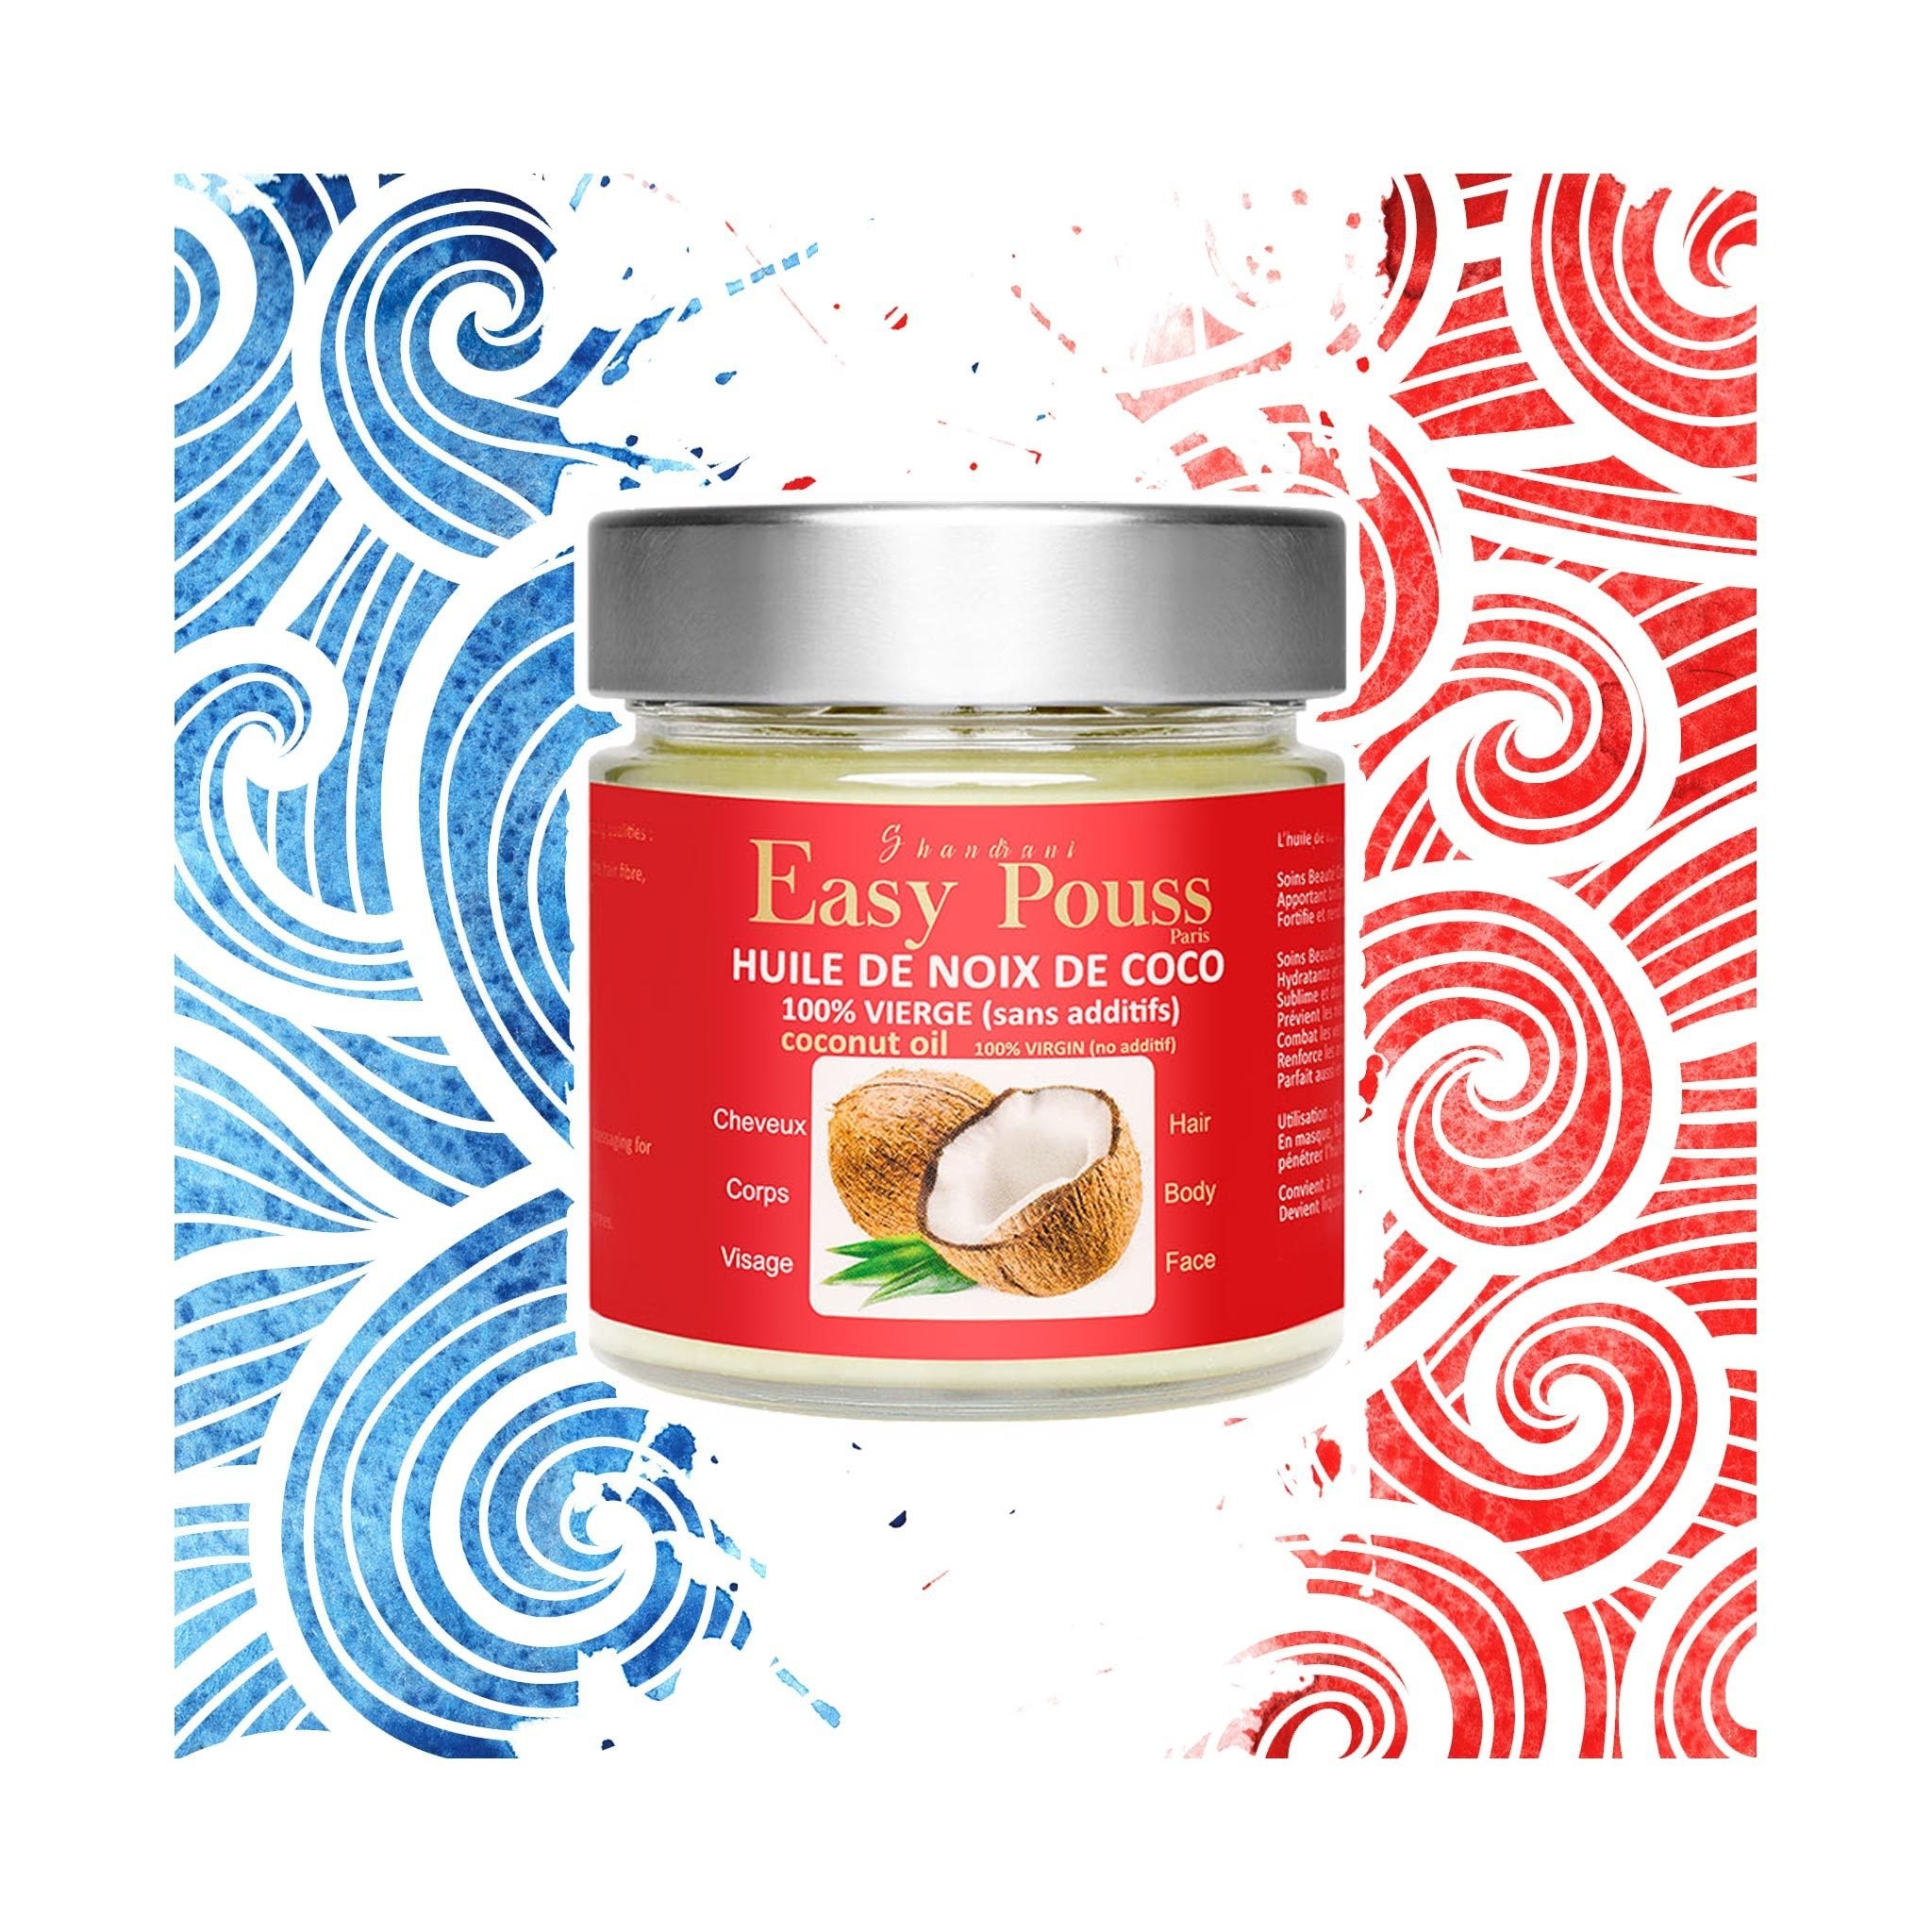 Easy Pouss Paris | Huile de noix de coco naturelle - lockenkopf
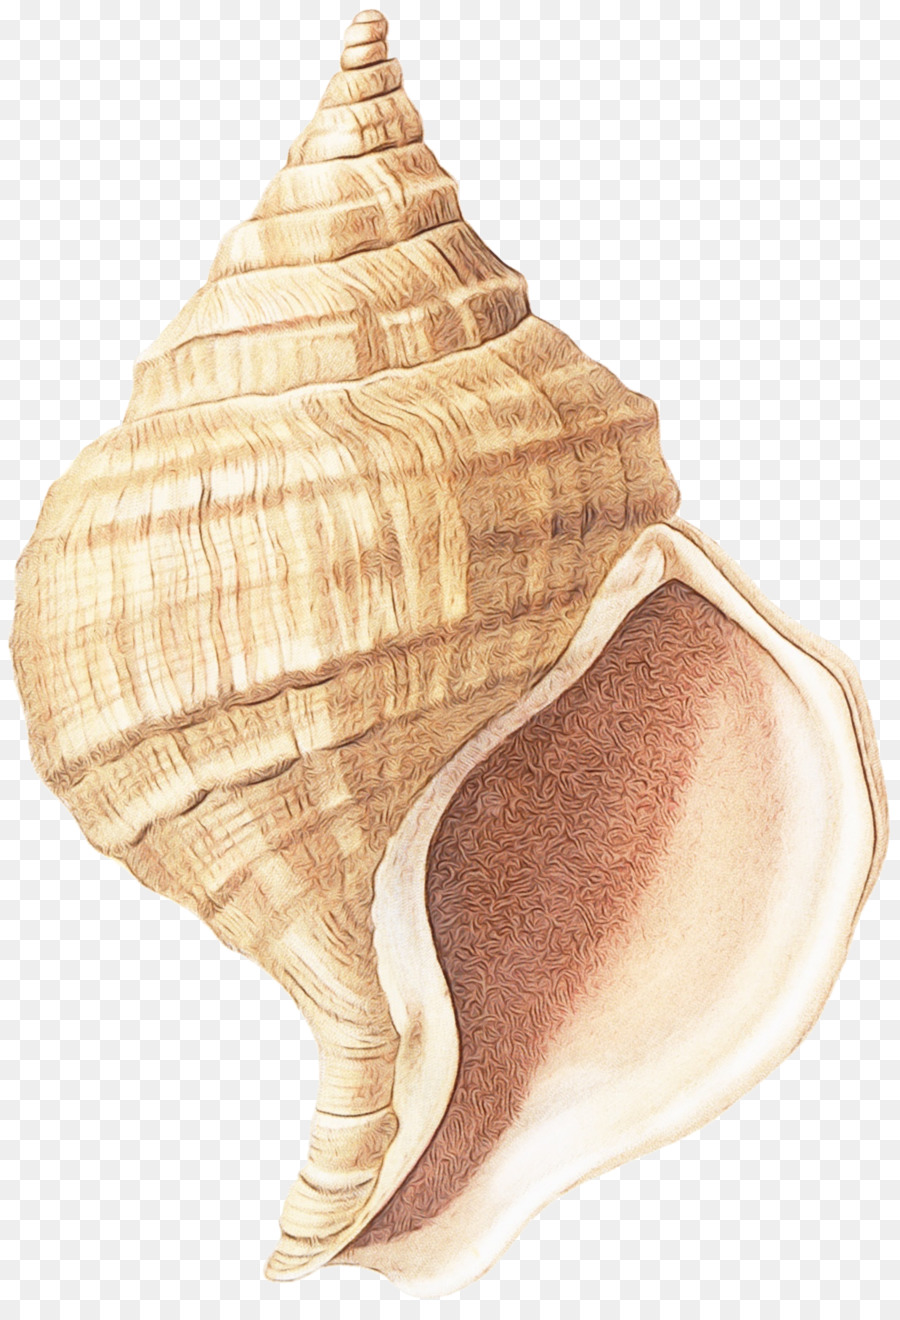 Muschel Muschel Shankha Shell Meeresschnecke - 
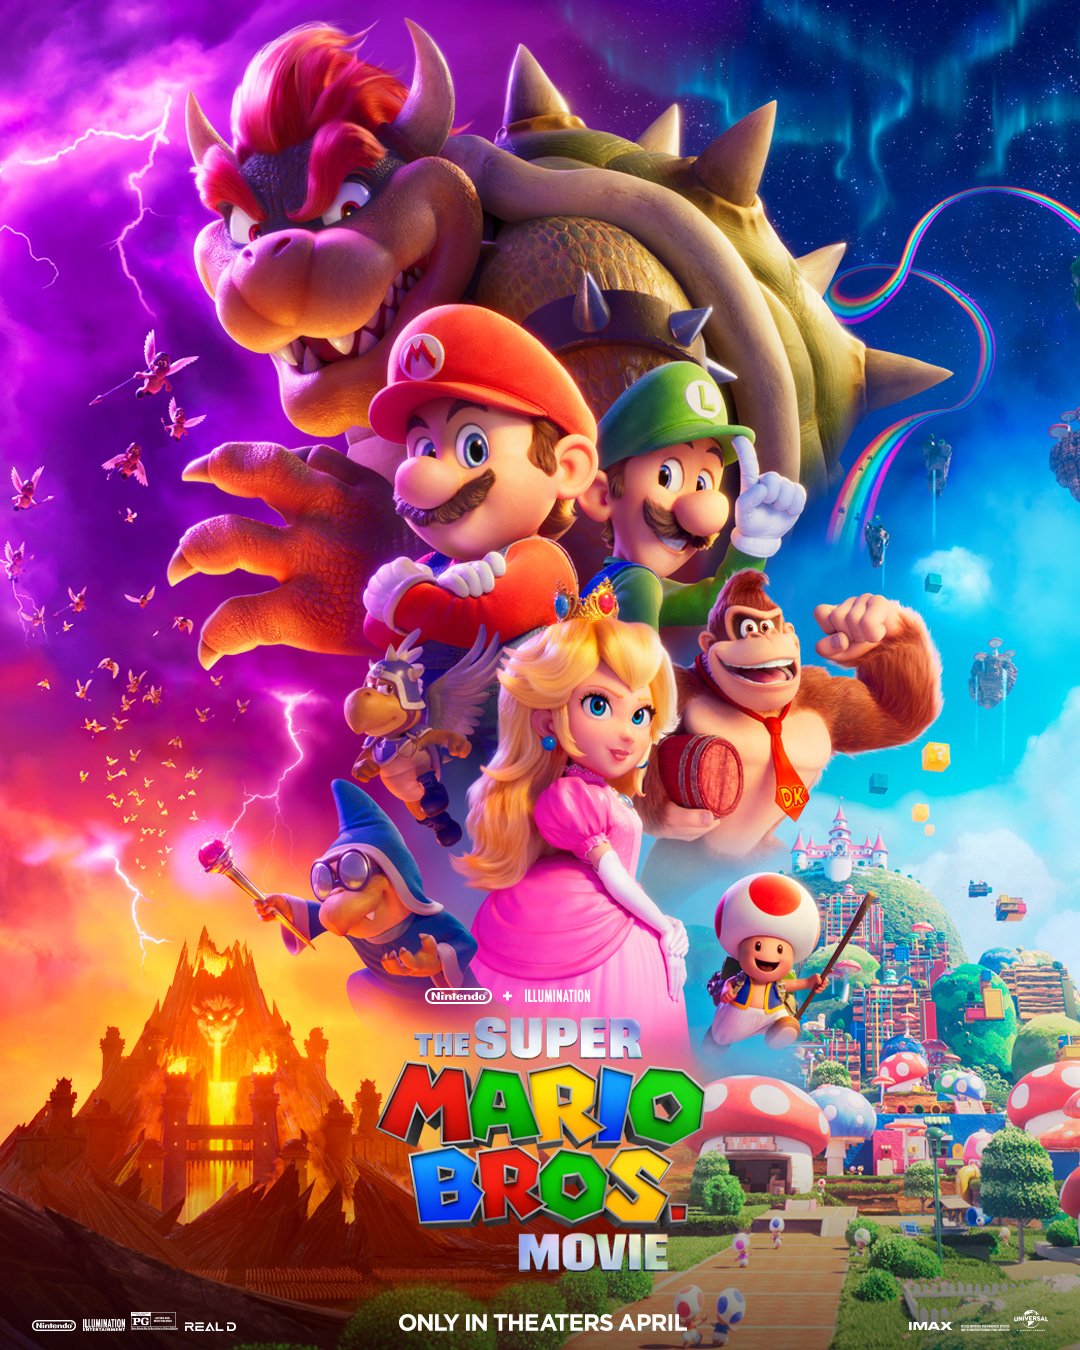 Super Mario Bros. O Filme é publicado completo no Twitter em alta
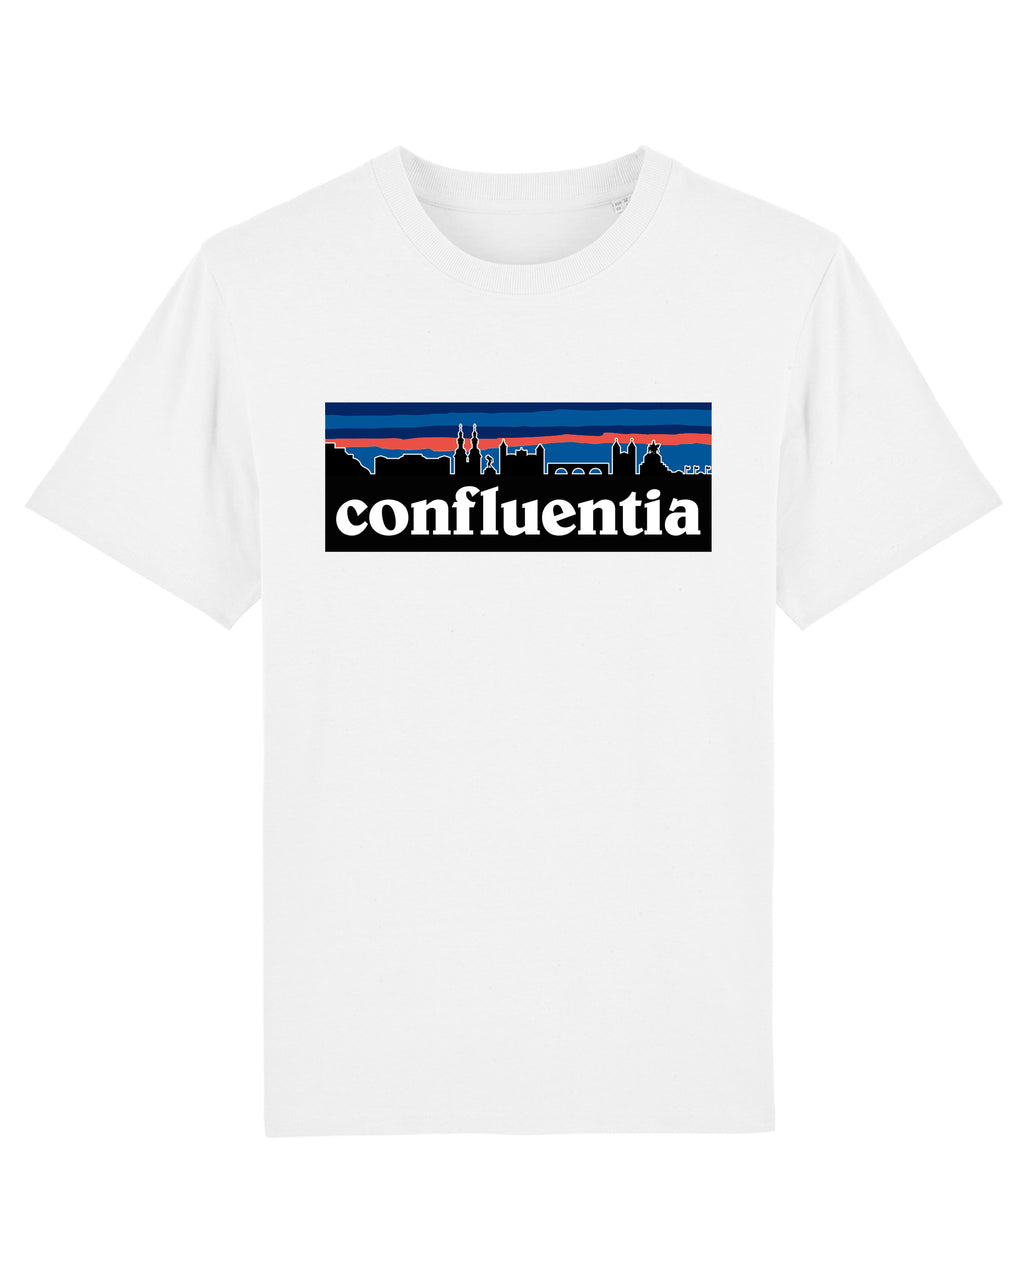 Confluentia Skyline T-Shirt
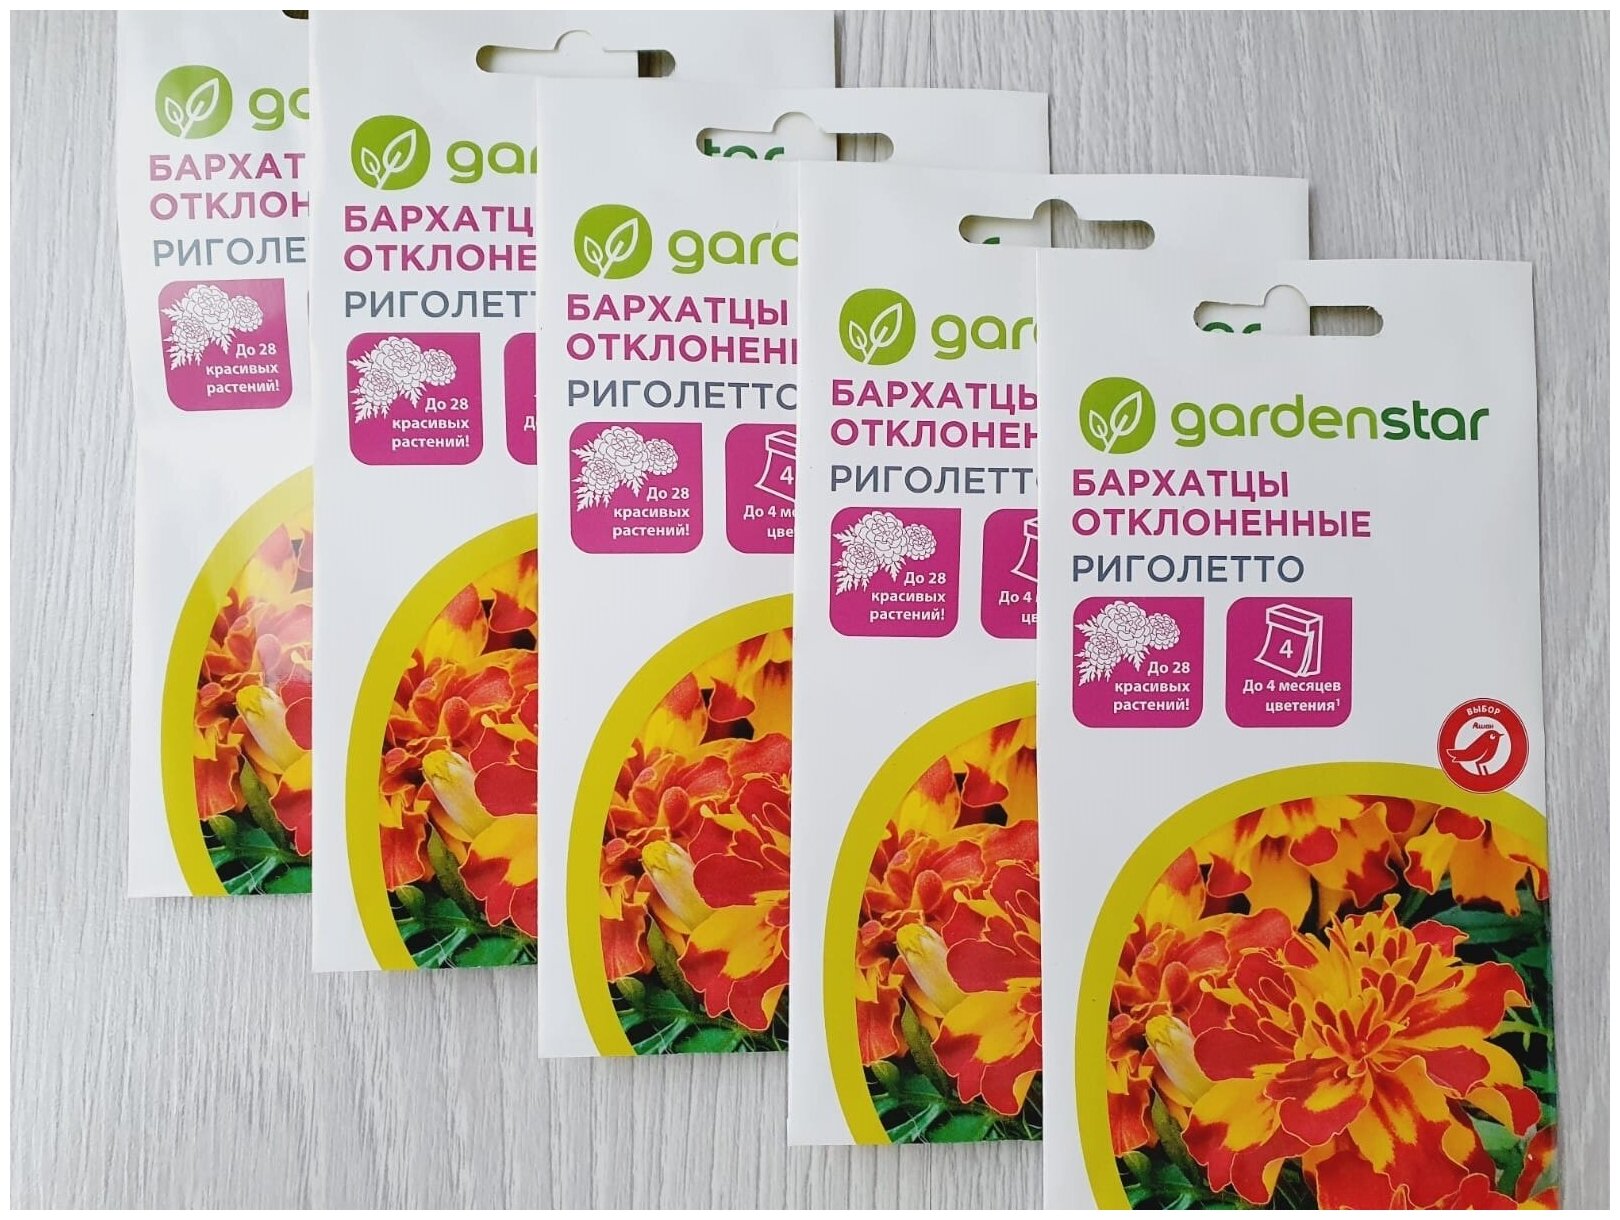 Семена Бархатцев (5 упаковок) бархатцы отклоненные Риголетто семенами на рассаду и цветов для выращивание из семян в домашних условиях

## Activity
Starting at the line containing "Super Mario Bros.", output every remaining line of the records above exactly, the last one included. Nothing else belongs in the output, and no pictures either.

## Result for this task
 Super Mario Bros. O Filme é publicado completo no Twitter em alta
 Confluentia Skyline T-Shirt
 Семена Бархатцев (5 упаковок) бархатцы отклоненные Риголетто семенами на рассаду и цветов для выращивание из семян в домашних условиях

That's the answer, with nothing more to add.